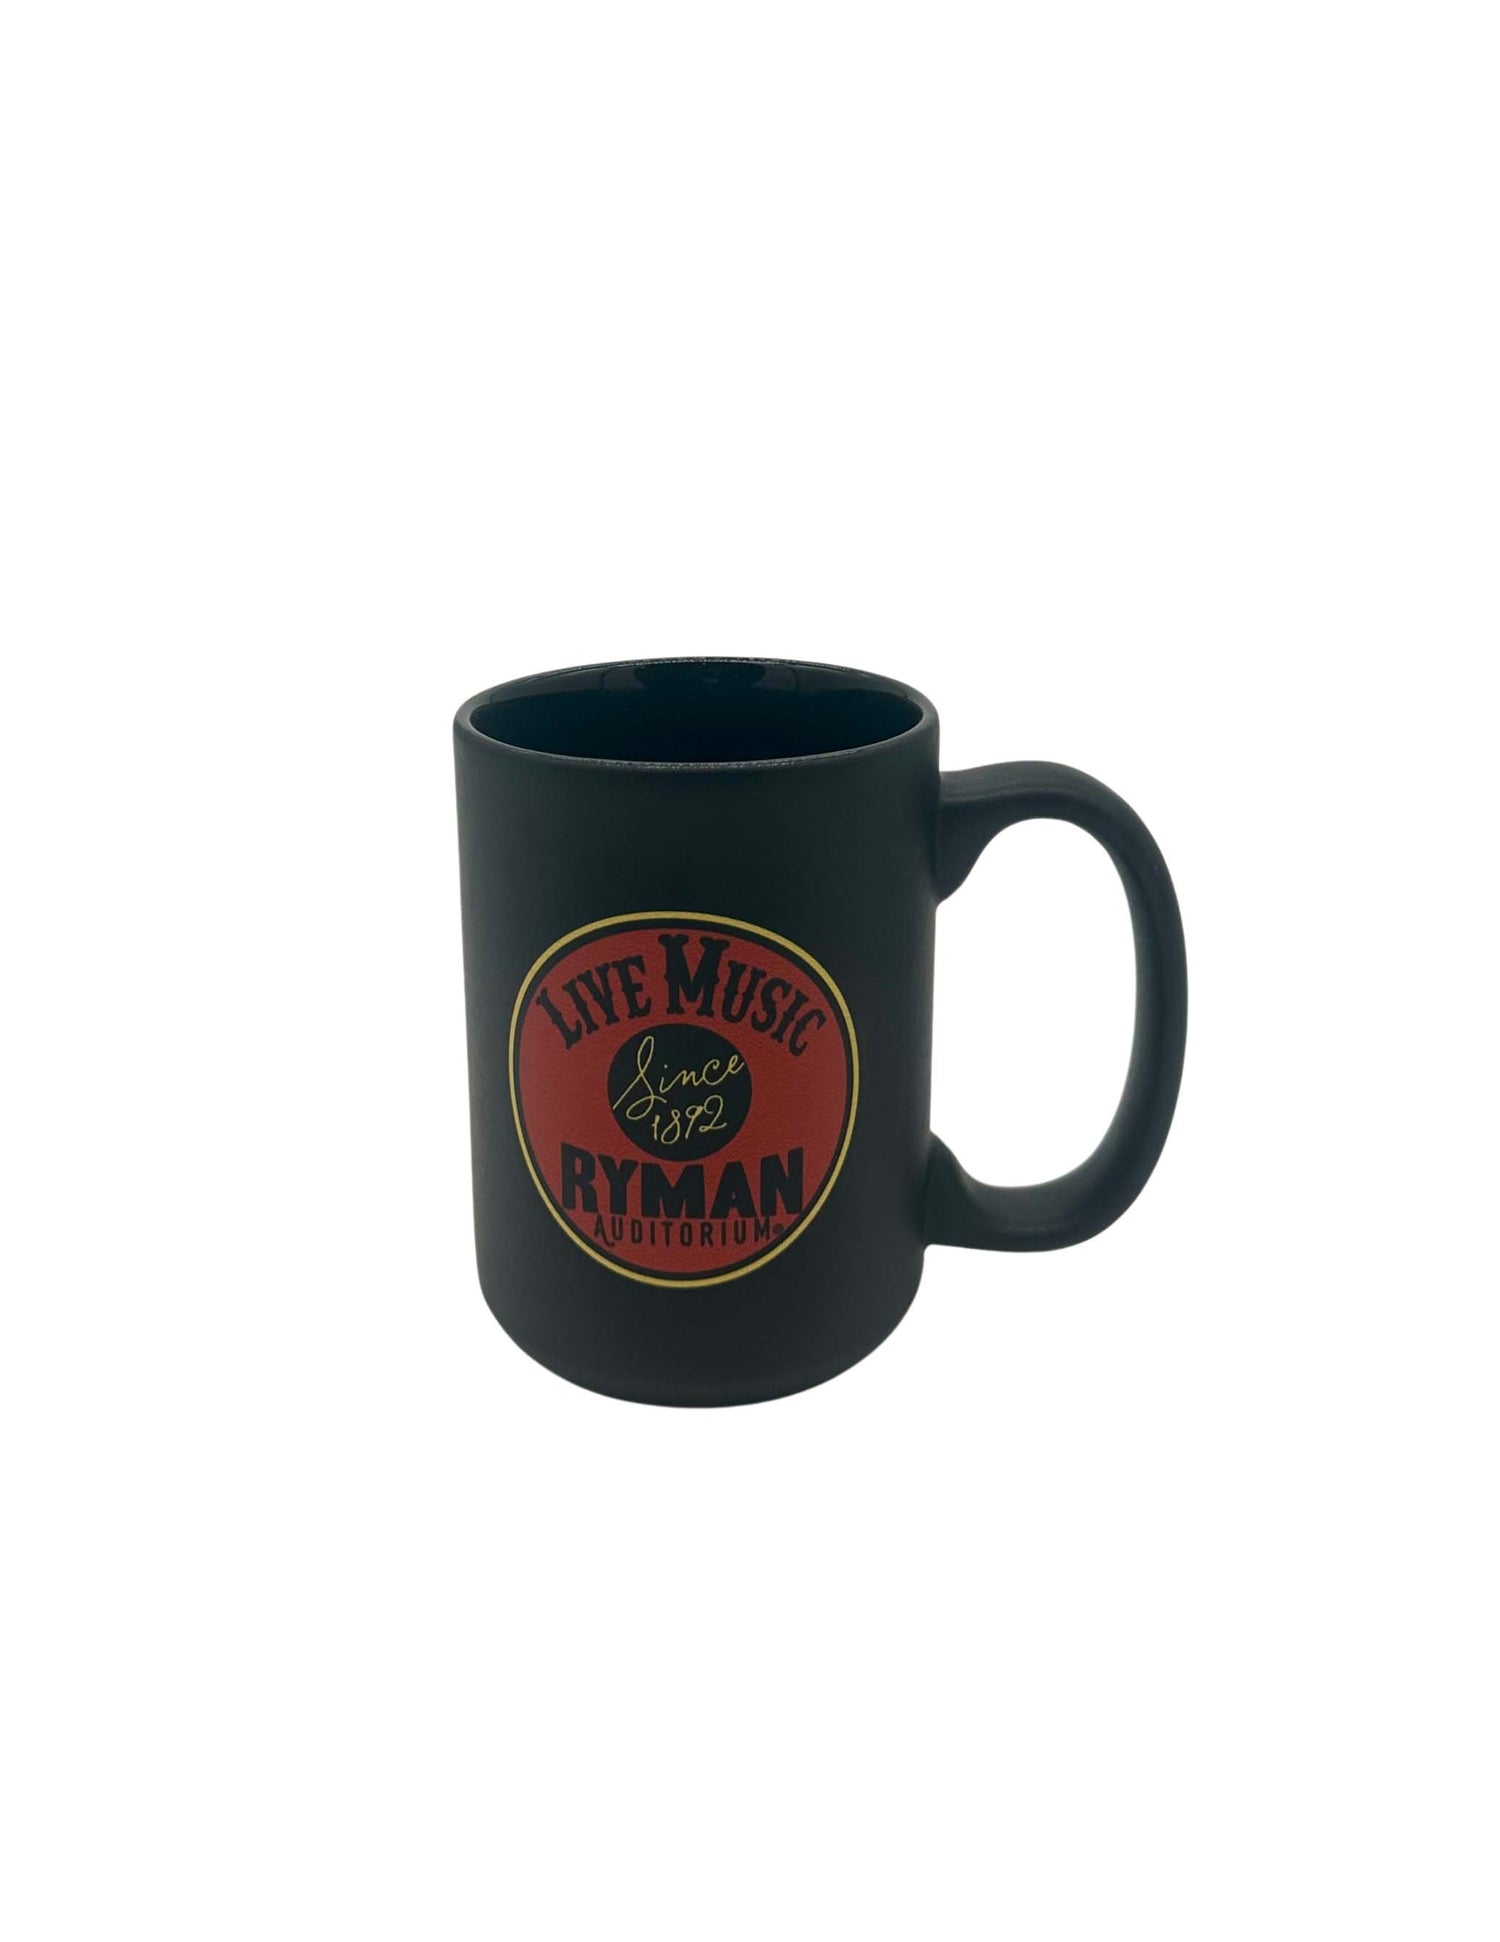 Ryman On The Record Coffee Mug
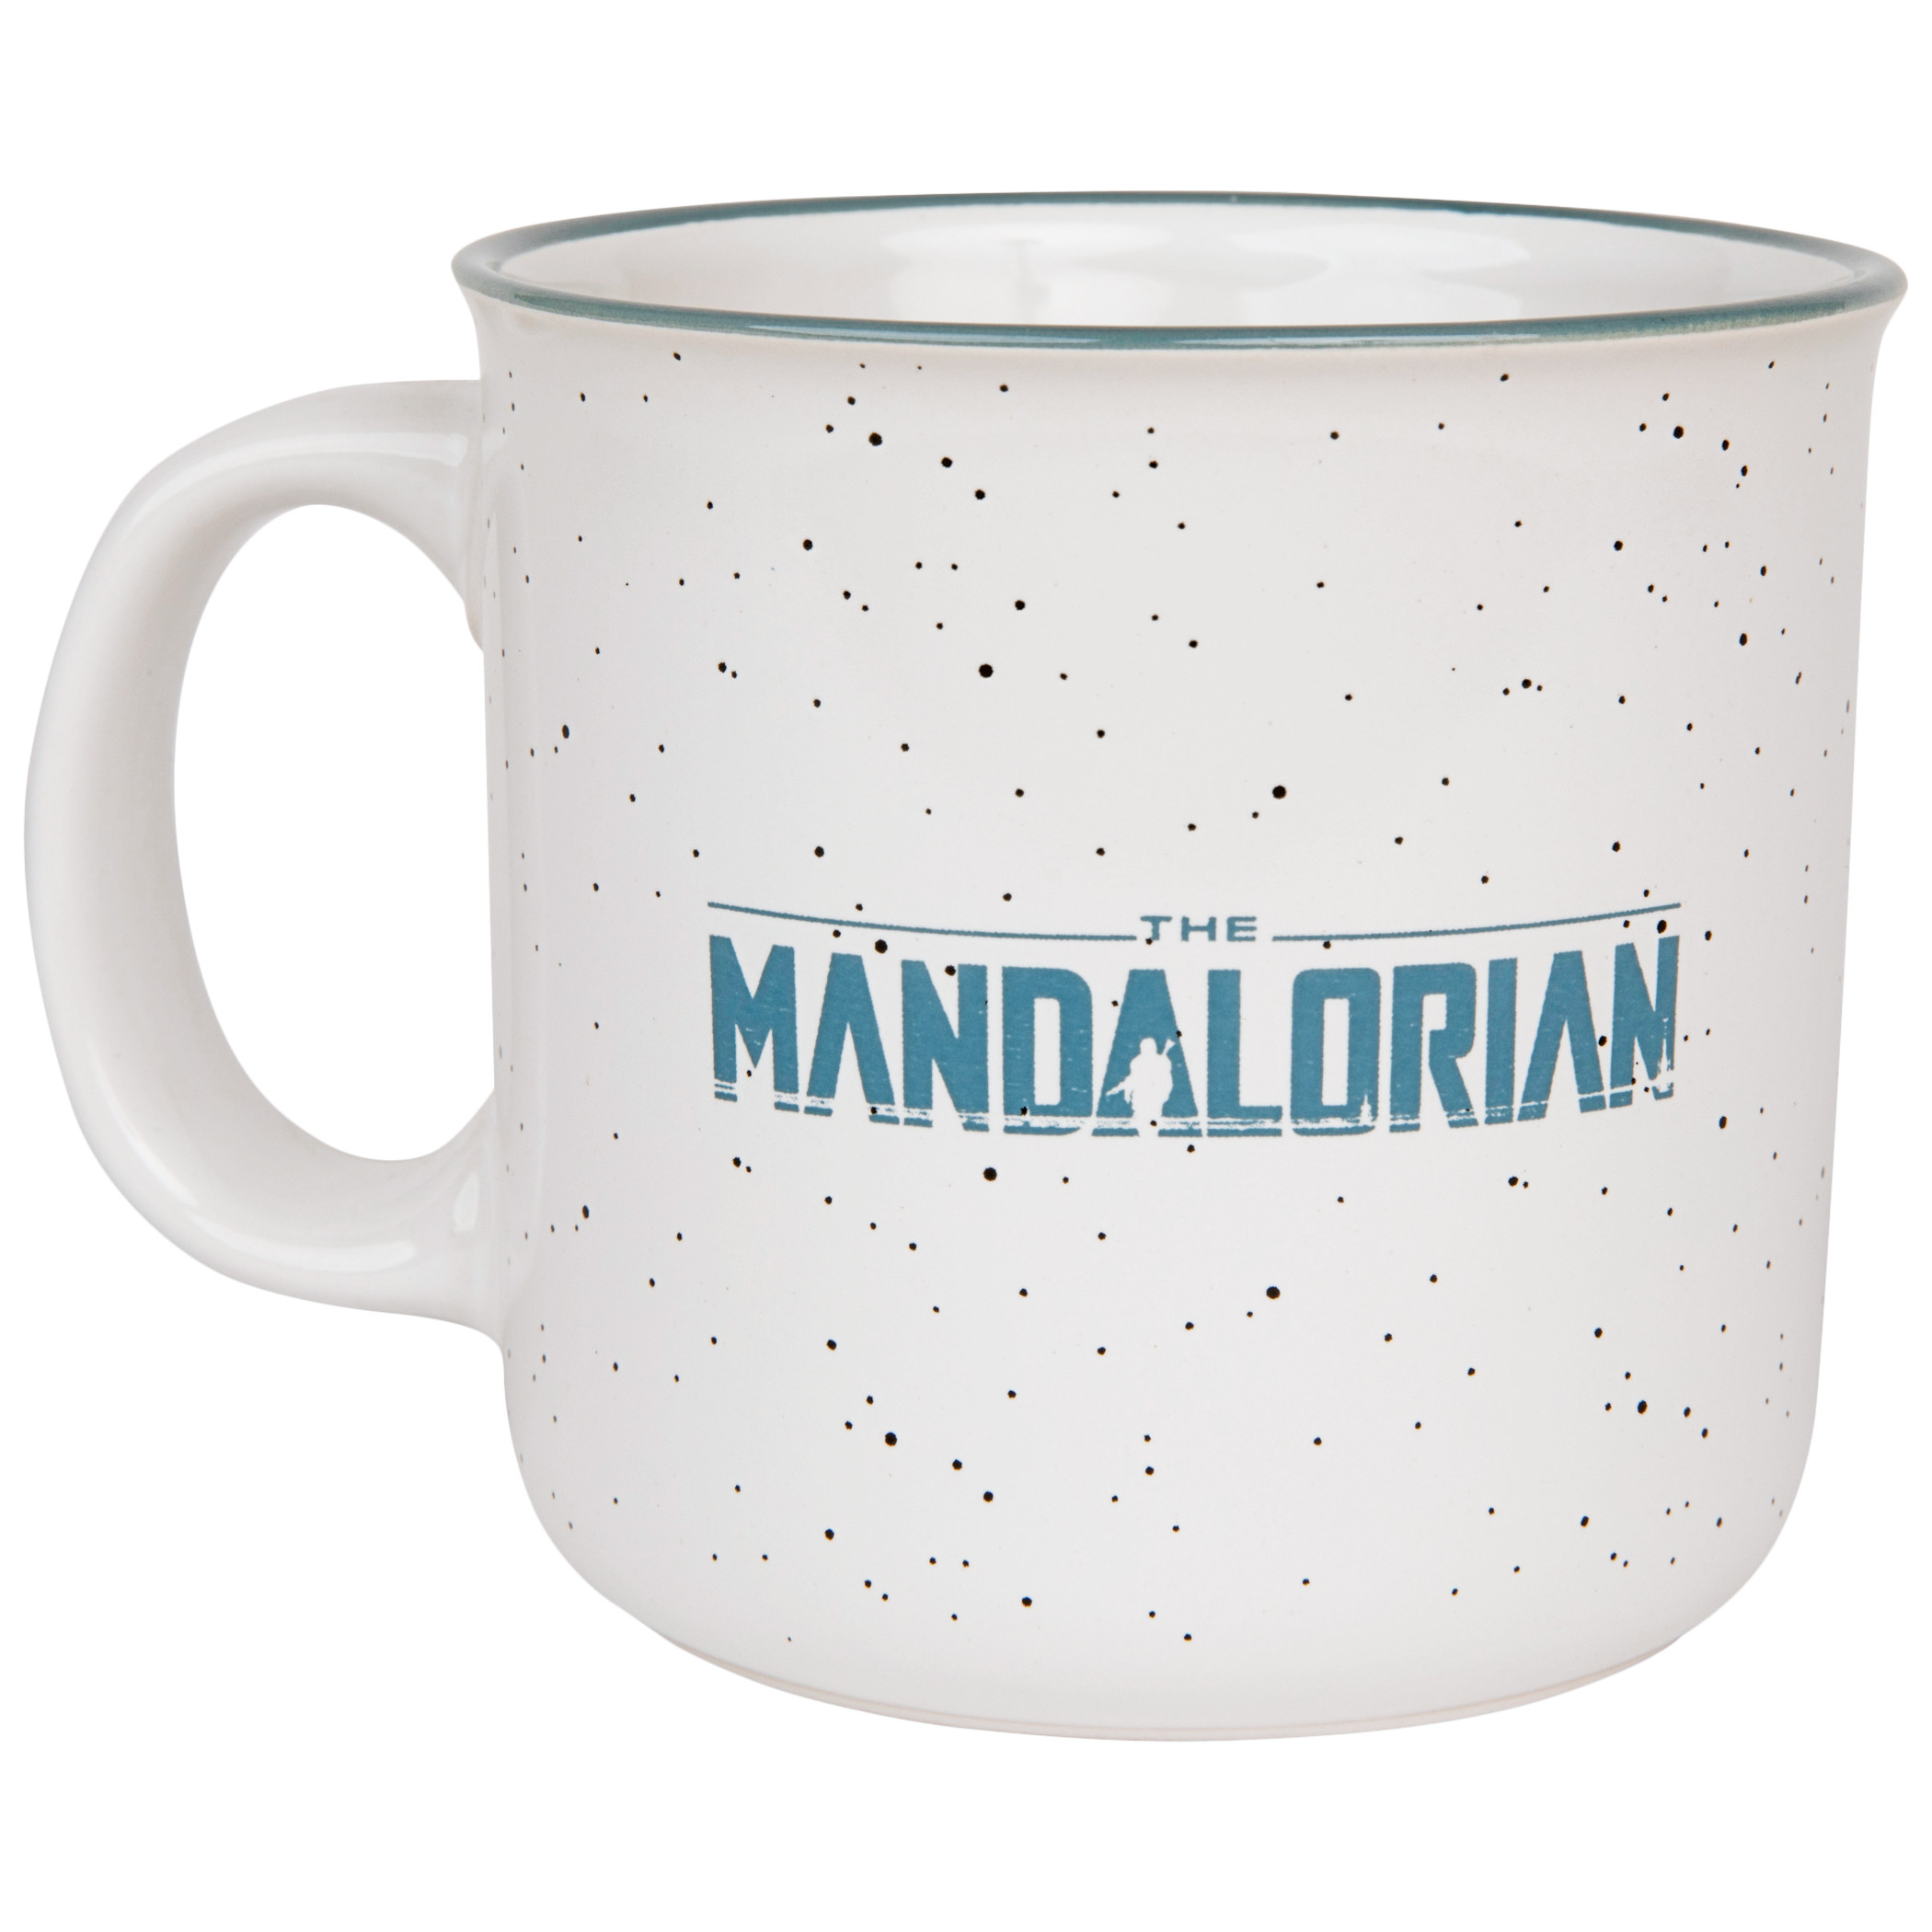 The Child Grogu Take Naps Coffee Mug 20 oz. - The Mandalorian
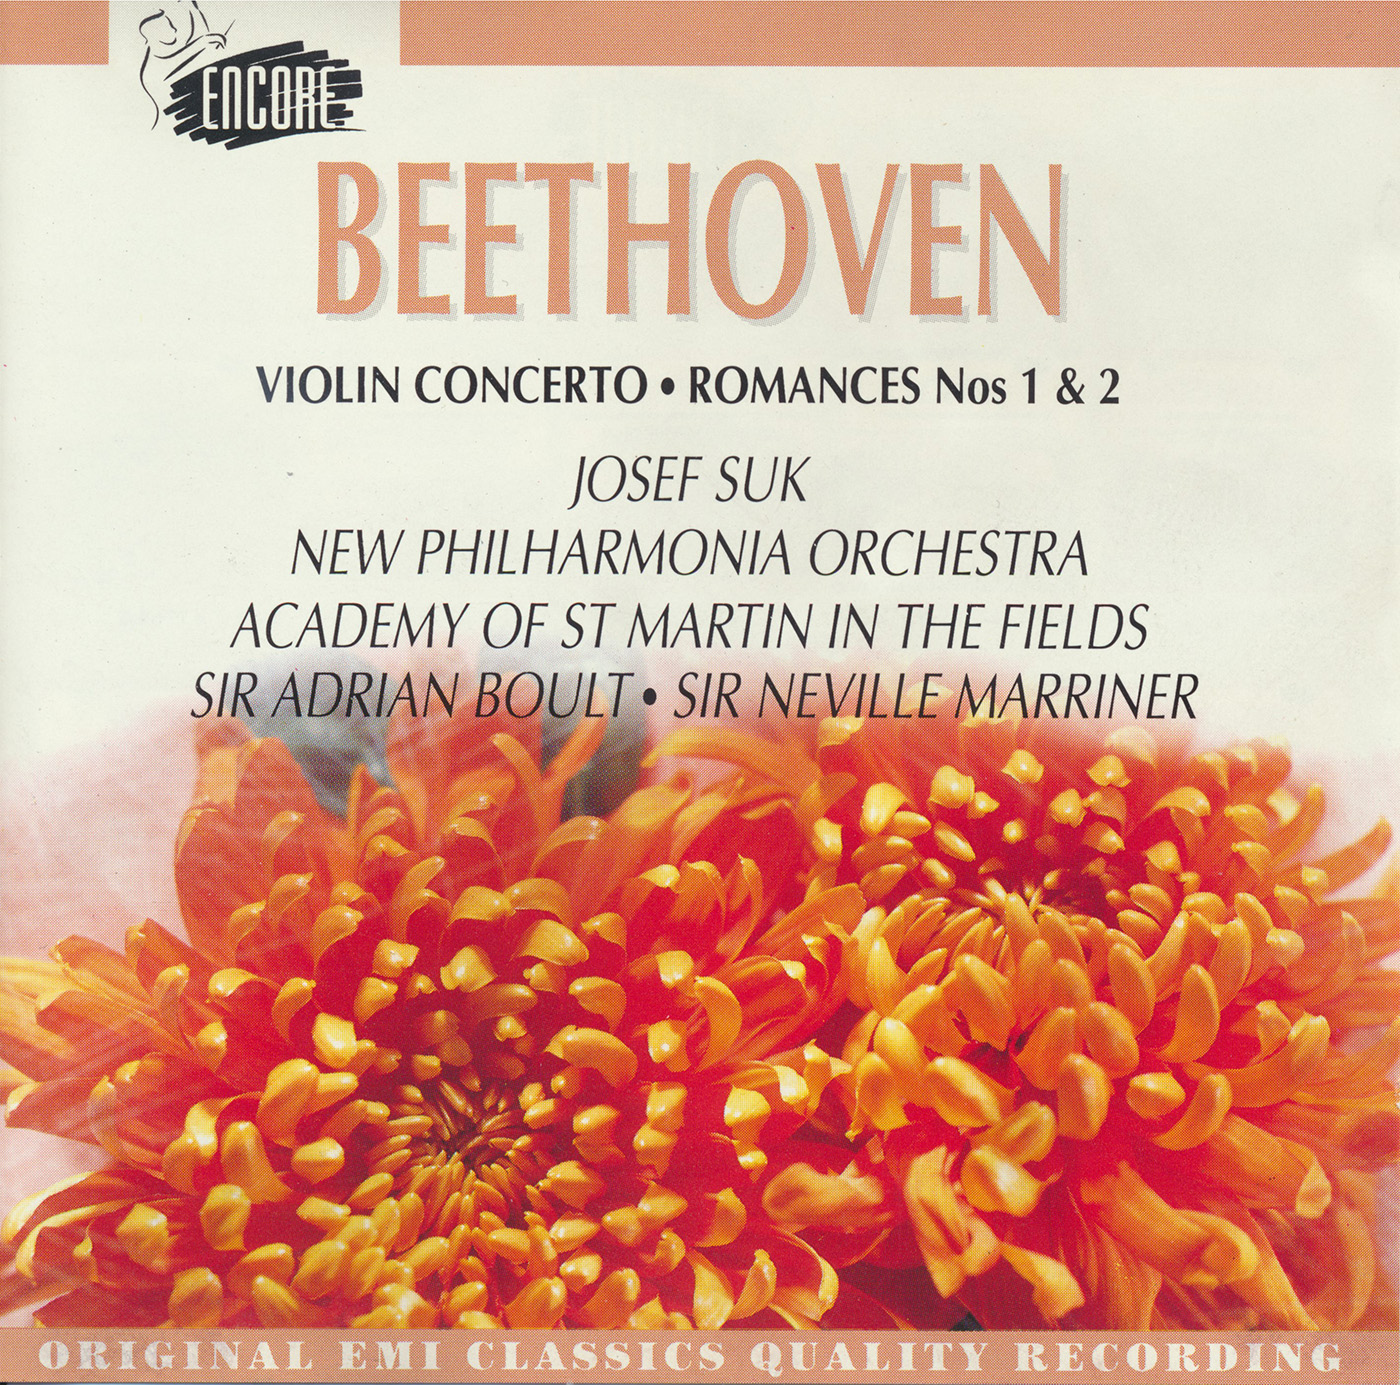 Beethoven - Violin Concerto, Romances - Suk, Boult, Marriner

^^^^

» WORK TO BE COMPLETED
The result should be the listing above, restated exactly, with no pictures in it.

» YOUR SOLUTION
 Ryman On The Record Coffee Mug
 The Child Grogu Take Naps Coffee Mug 20 oz. - The Mandalorian
 Beethoven - Violin Concerto, Romances - Suk, Boult, Marriner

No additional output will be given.